*EXCERPTED RECORDS*
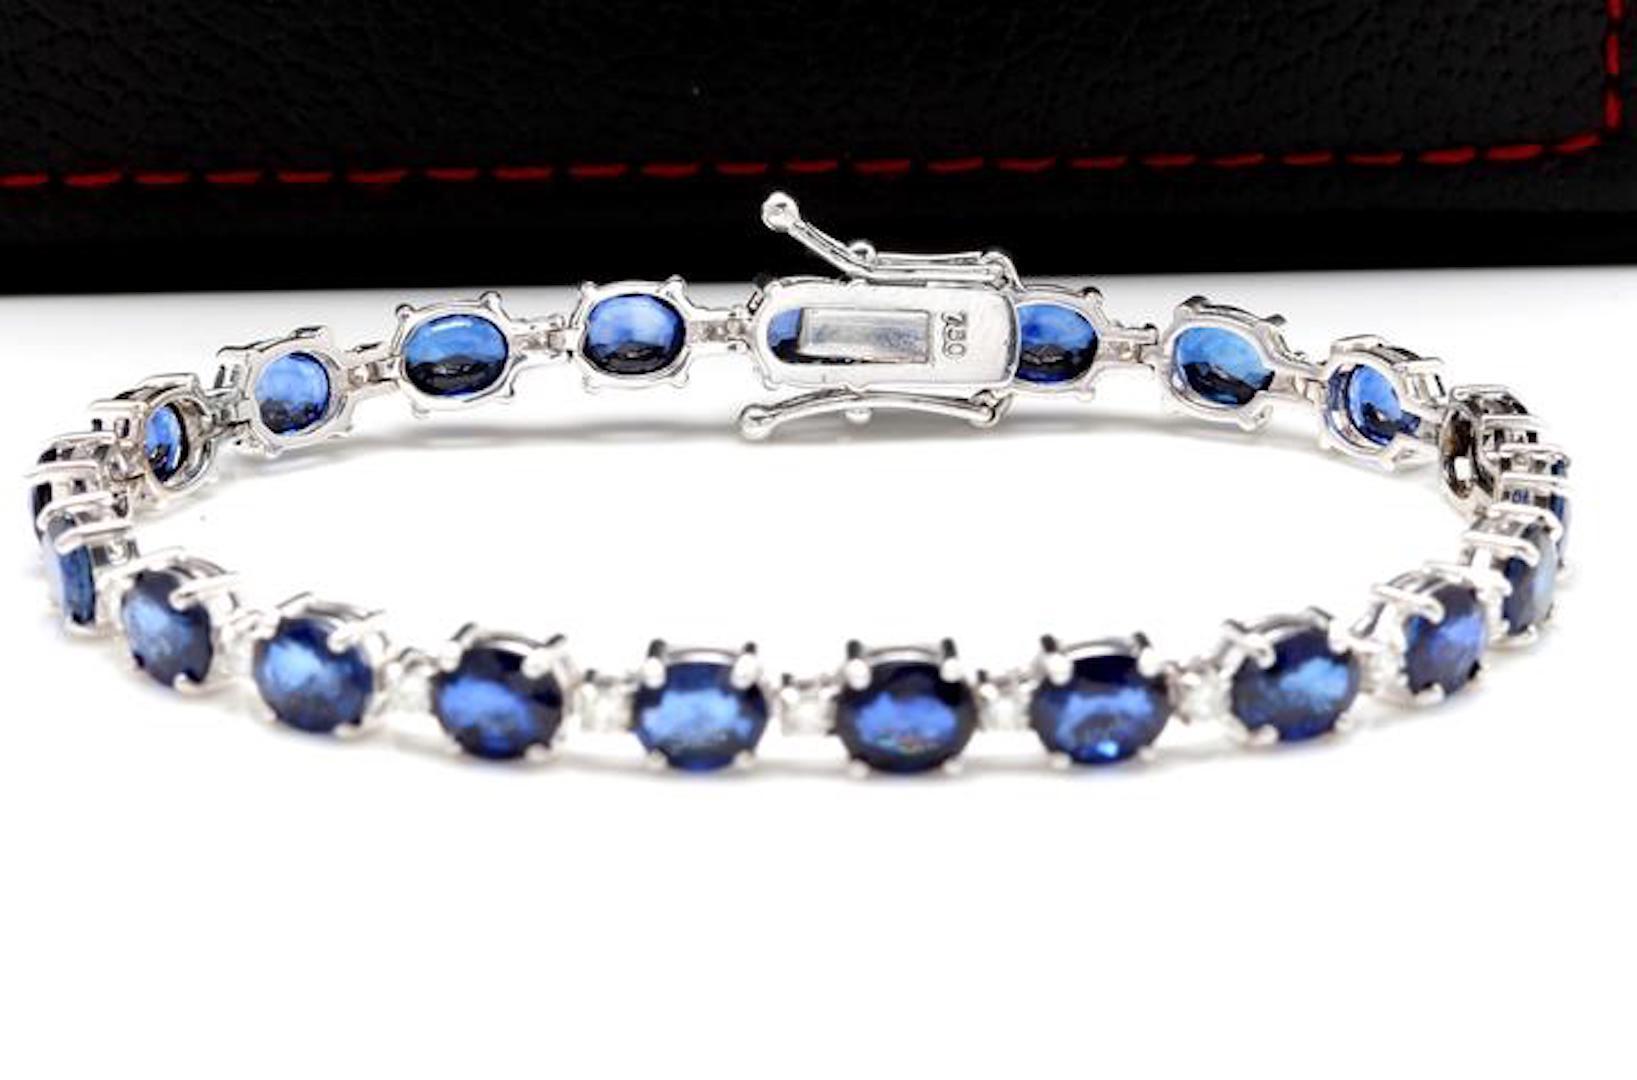 Very Impressive 16.24 Carats Natural Sapphire & Diamond 14K Solid White Gold Bracelet

STAMPED: 14K

Total Natural Round Diamonds Weight: Approx. 0.92 Carats (color G-H / Clarity SI1-Si2)

Total Natural Sapphire Weight is: Approx. 15.32
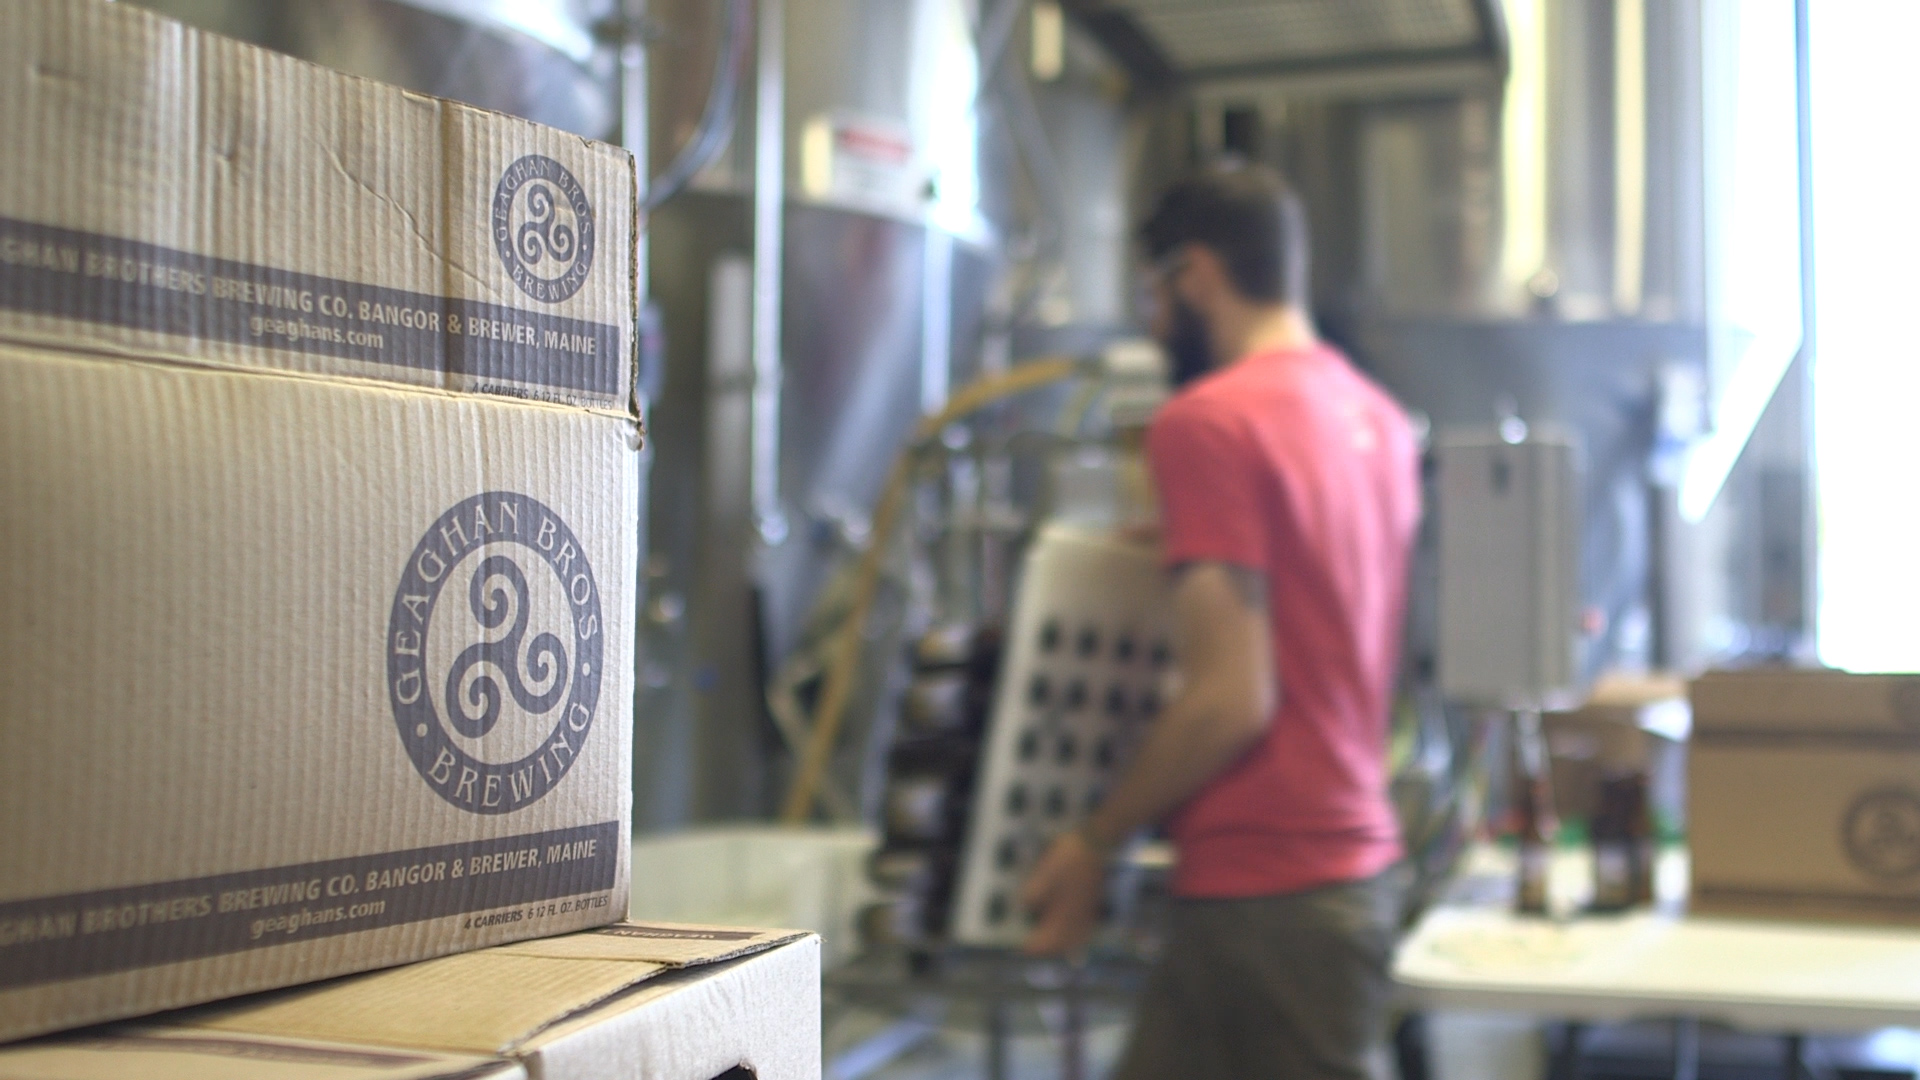 According to an economic impact study from the Maine Brewers’ Guild, the Maine brewing industry employed 1,632 people directly, and helped support the creation of 545 additional jobs.

*TASK INSTRUCTIONS*
What you return must match the material above exactly, minus its pictures.

*PROBLEM SOLUTION*
 Very Impressive 16.24 Carats Natural Sapphire & Diamond 14K Solid White Gold Bracelet

STAMPED: 14K

Total Natural Round Diamonds Weight: Approx. 0.92 Carats (color G-H / Clarity SI1-Si2)

Total Natural Sapphire Weight is: Approx. 15.32
 According to an economic impact study from the Maine Brewers’ Guild, the Maine brewing industry employed 1,632 people directly, and helped support the creation of 545 additional jobs.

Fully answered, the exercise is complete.